Hello everyone,
I’m building a custom, highly-available NAT solution in AWS using a Gateway Load Balancer (GWLB) and an EC2 Auto Scaling Group for the NAT appliances. My goal is to provide outbound internet access for instances located in a private subnet.
The Problem: Everything appears to be configured correctly, yet outbound traffic from the private instance fails. Commands like curl google.com or ping 8.8.8.8 hang indefinitely and eventually time out.
Architecture Overview: The traffic flow is designed as follows: Private Instance (in Private Subnet) → Private Route Table → GWLB Endpoint → GWLB → NAT Instance (in Public Subnet) → Public Route Table → IGW → Internet
What I’ve Verified and Debugged:
-
GWLB Target Group: The target group is correctly associated with the GWLB. All registered NAT instances are passing health checks and are in a
Healthystate.
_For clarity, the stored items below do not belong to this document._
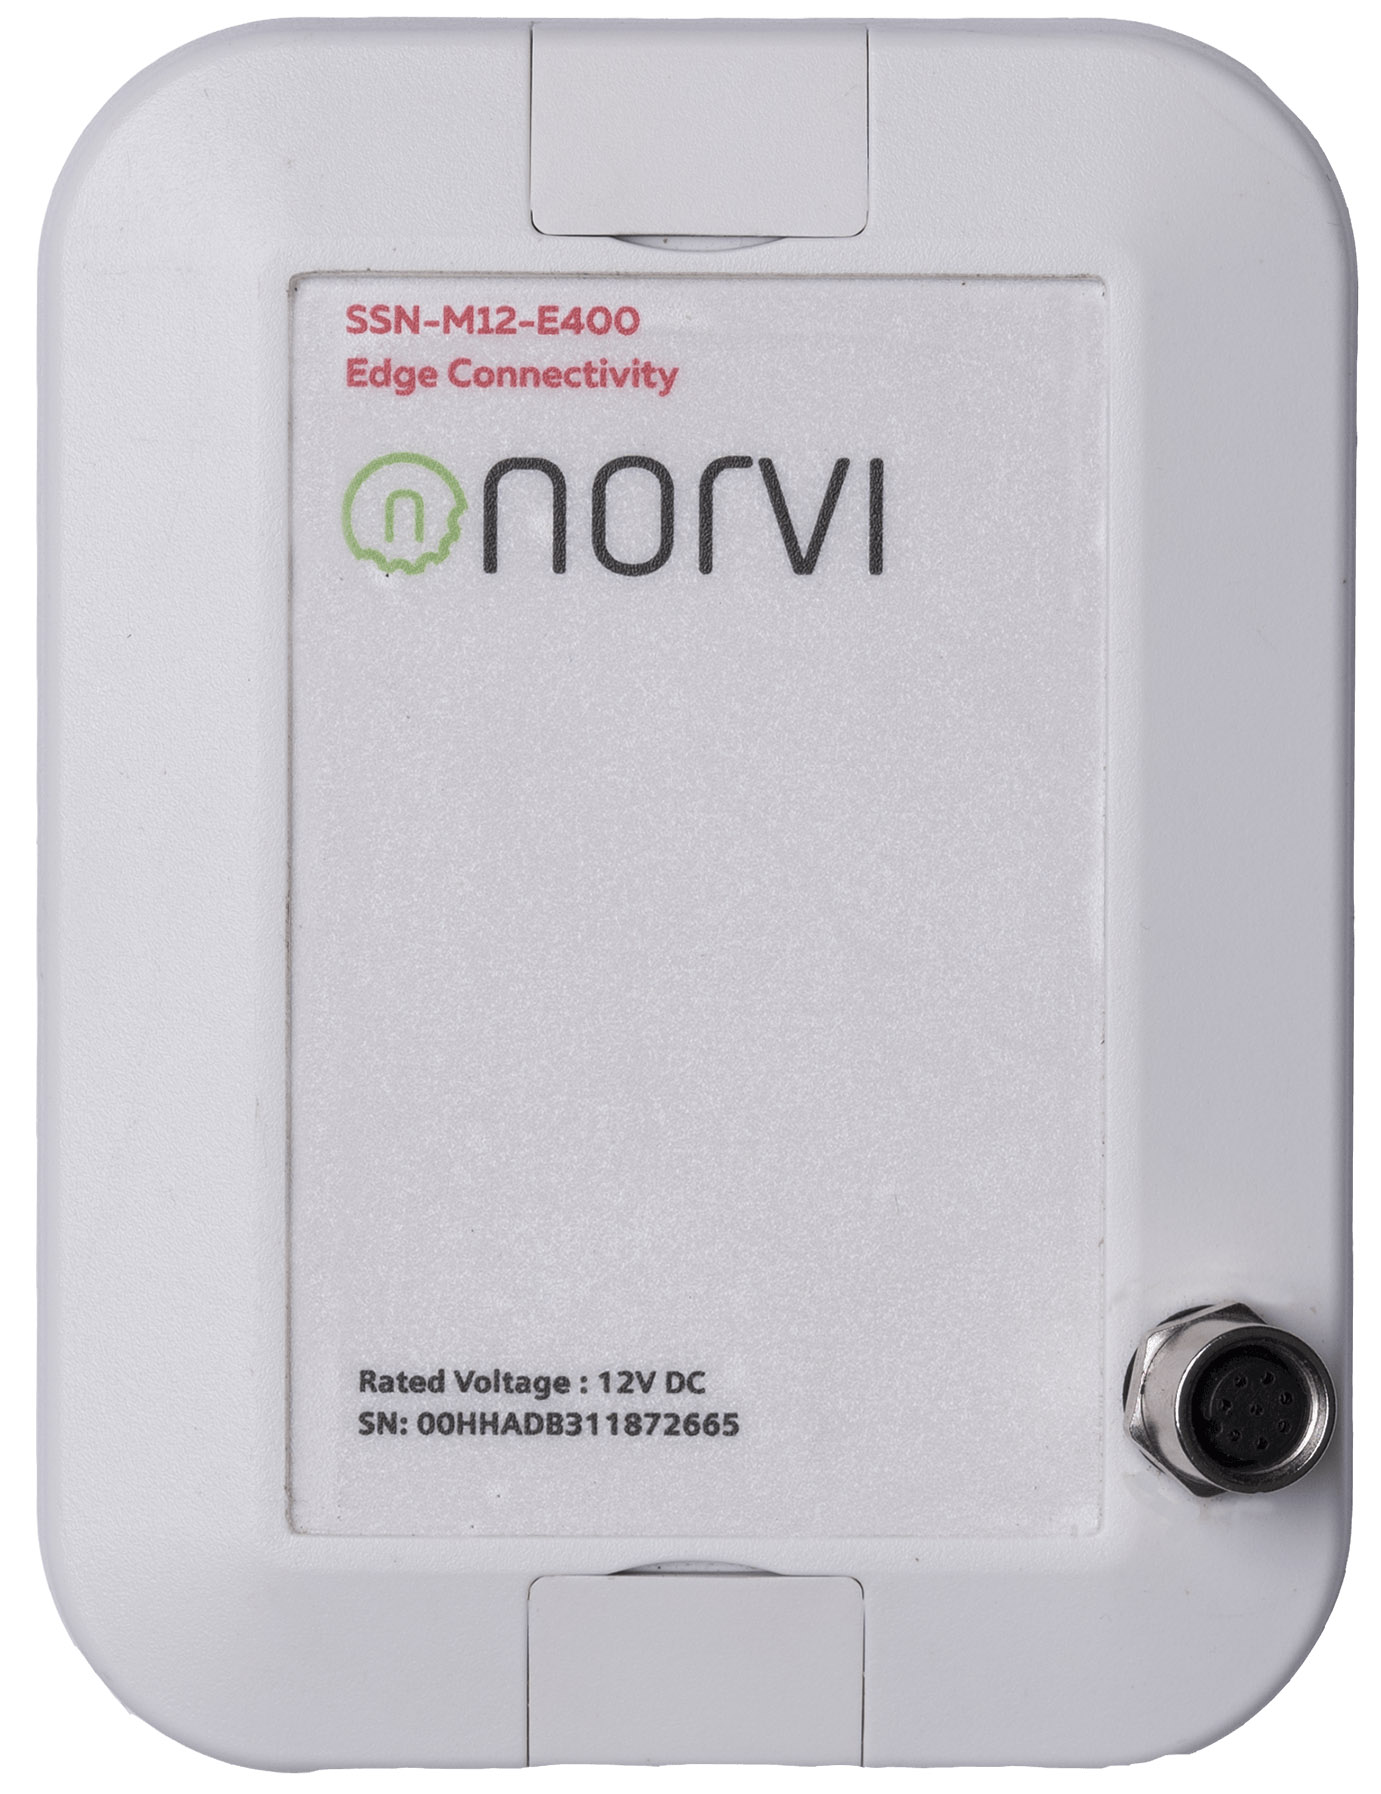 NORVI EC-M11-BC-C1 (Programmable IoT Node, Wallmount, WiFi/BT, Built-in Battery)
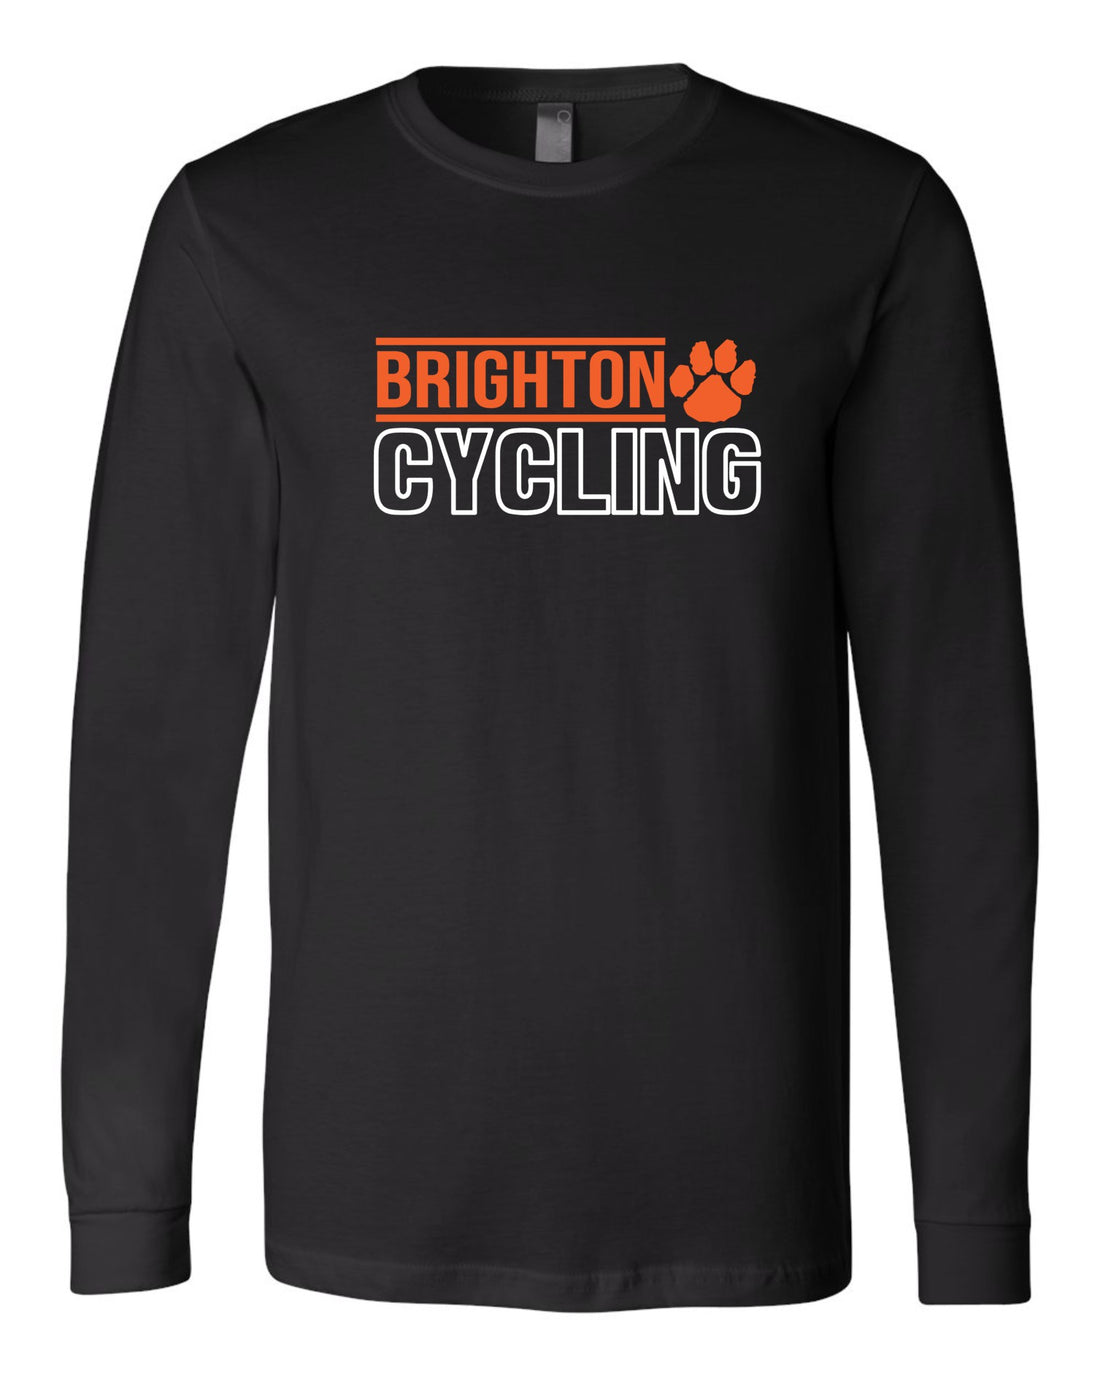 Brighton Cycling Premium Cotton L/S Tee
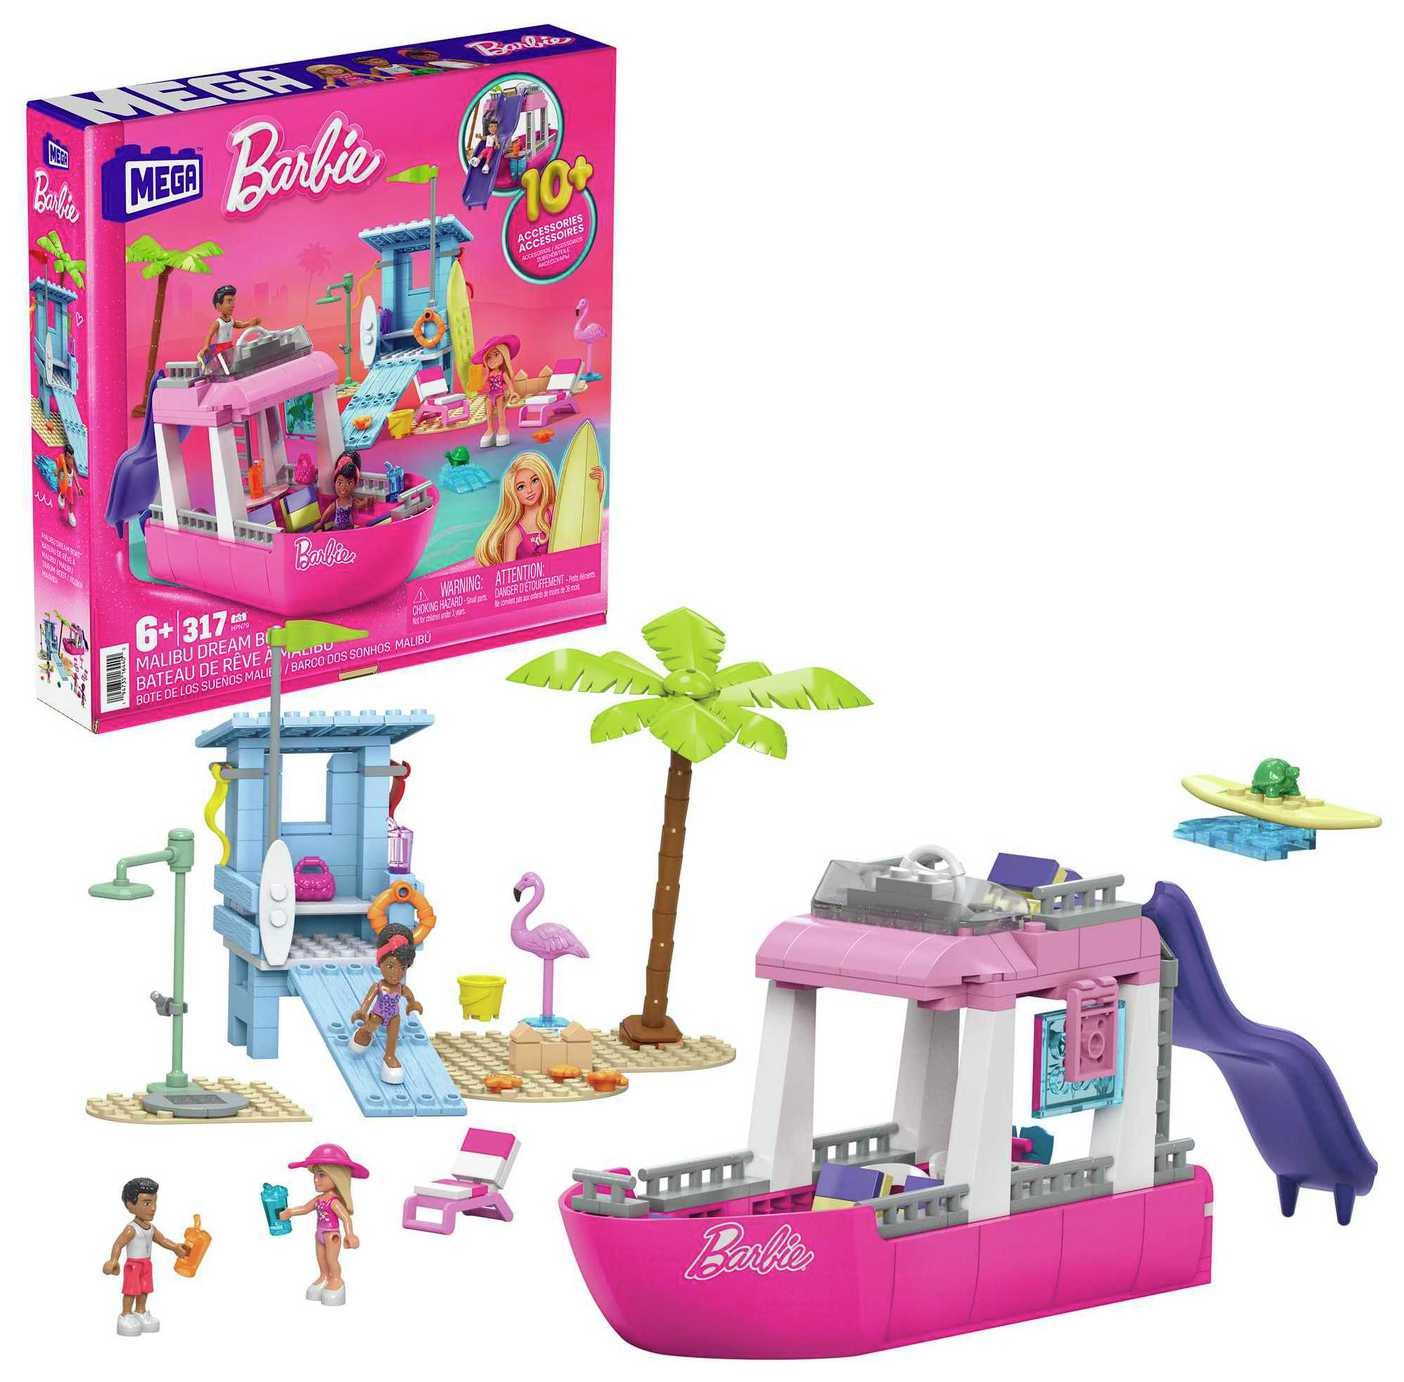 Mega Barbie Building Set - Malibu Dream Boat
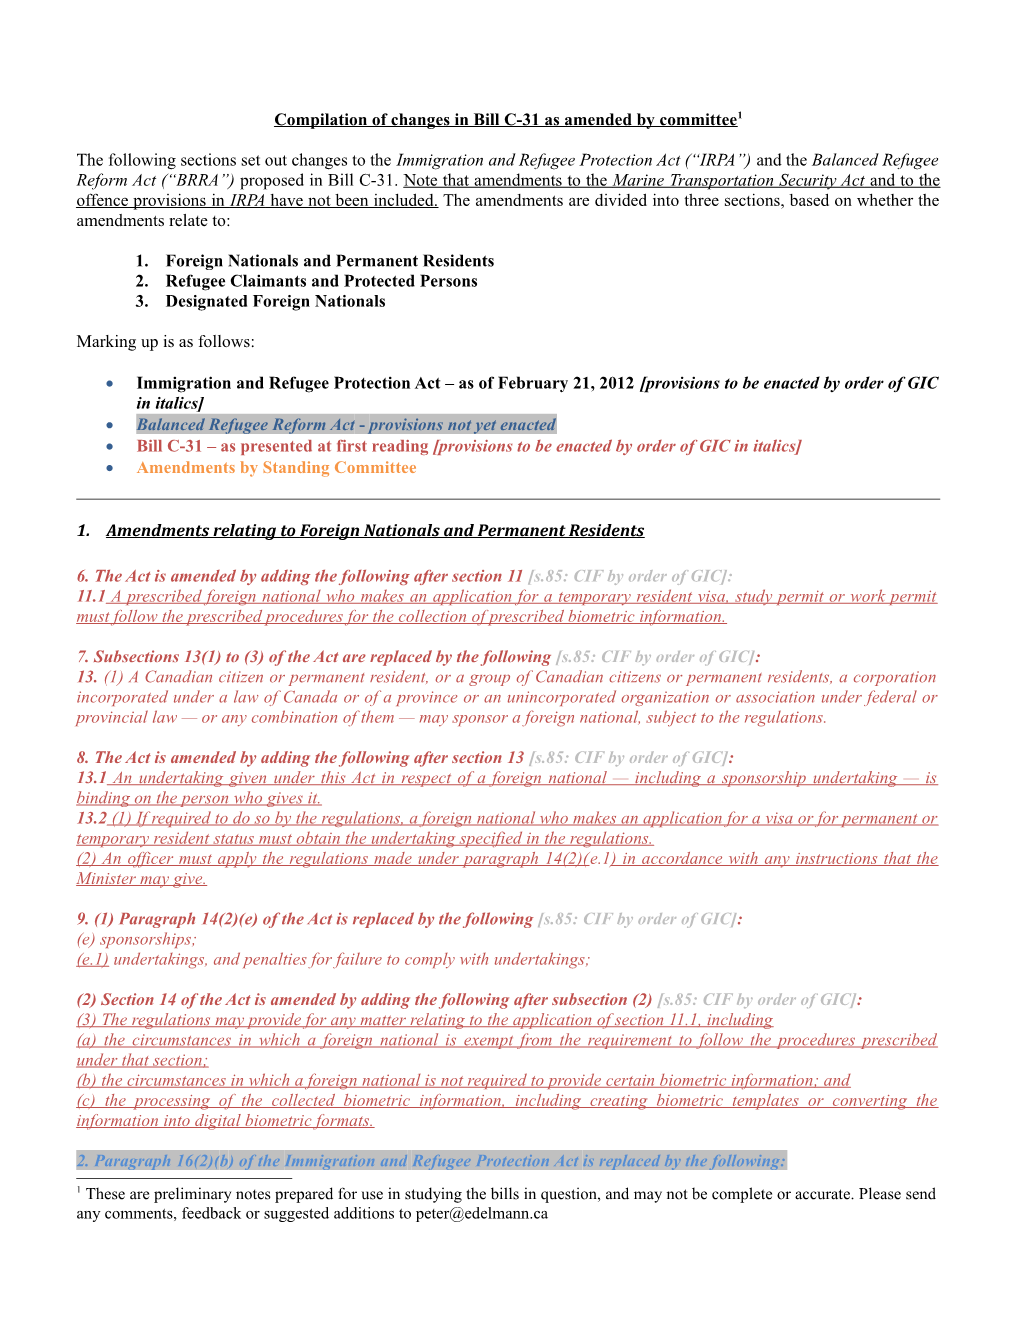 2012 IRPA Amendments Summary (C-31/BRRA)
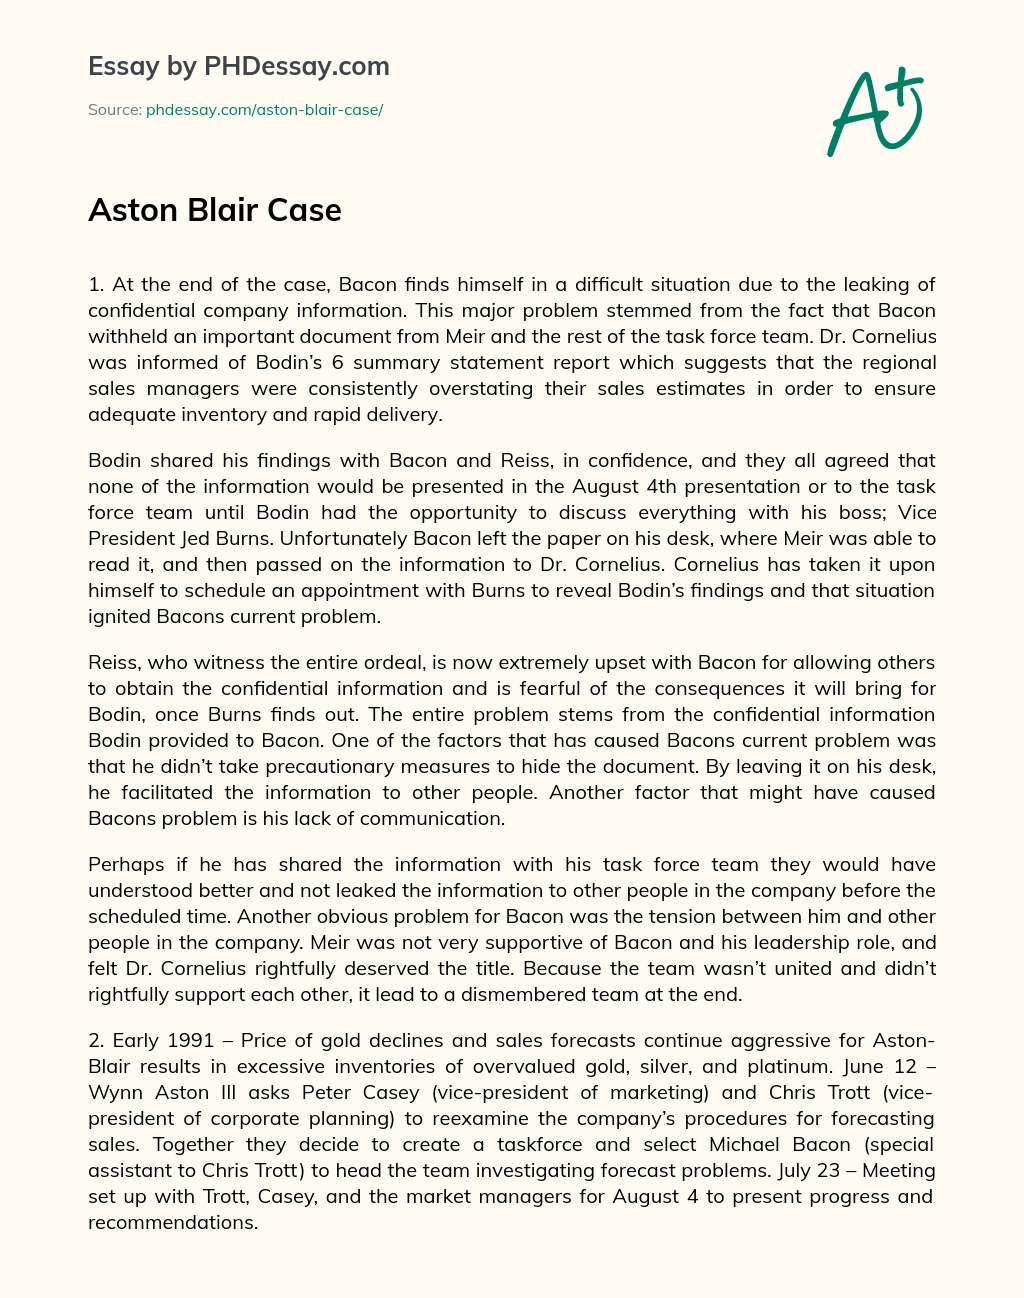 Aston Blair Case essay

I have at least one healthy target in each Availability Zone where my workload instance resides. -
NAT Instance Itself: I can SSH directly into the NAT appliance instances. From within the NAT instance, I can successfully run
curl ``google.com. This confirms the instance itself has proper internet connectivity. -
NAT Instance Configuration: The
user_datascript runs successfully on boot. I have verified on the NAT instances that:-
net.ipv4.ip_forwardis set to1. -
The
geneve0virtual interface is created and isUP. -
An
iptables -t nat -A POSTROUTING -o <primary_interface> -j MASQUERADErule exists and is active.
-
-
Routing Tables: I believe my routing is configured correctly to handle both ingress and egress traffic symmetrically (Edge Routing).
-
Private Route Table (
private-rt): Has a default route0.0.0.0/0pointing to the GWLB VPC Endpoint (vpce-...). This is associated with the private subnet. -
Public Route Table (
public-rt): Has two routes:-
0.0.0.0/0pointing to the Internet Gateway (igw-...). -
[private_subnet_cidr](e.g.,10.20.0.0/24) pointing back to the GWLB VPC Endpoint (vpce-...) to handle the return traffic. This route table is associated with the subnets for the NAT appliances and the GWLB Endpoint.
-
-
-
Security Groups & NACLs: Security Groups on the NAT appliance allow all traffic from within the VPC. I am using the default NACLs which allow all traffic.
Despite all of the above, the traffic from the private instance does not complete its round trip.
My Question: Given that the targets are healthy, the NAT instances themselves are functional, and the routing appears to be correct, what subtle configuration might I be missing? Is there a known issue or a specific way to further debug where the return traffic is being dropped?
the link of repo https://github.com/taha2samy/try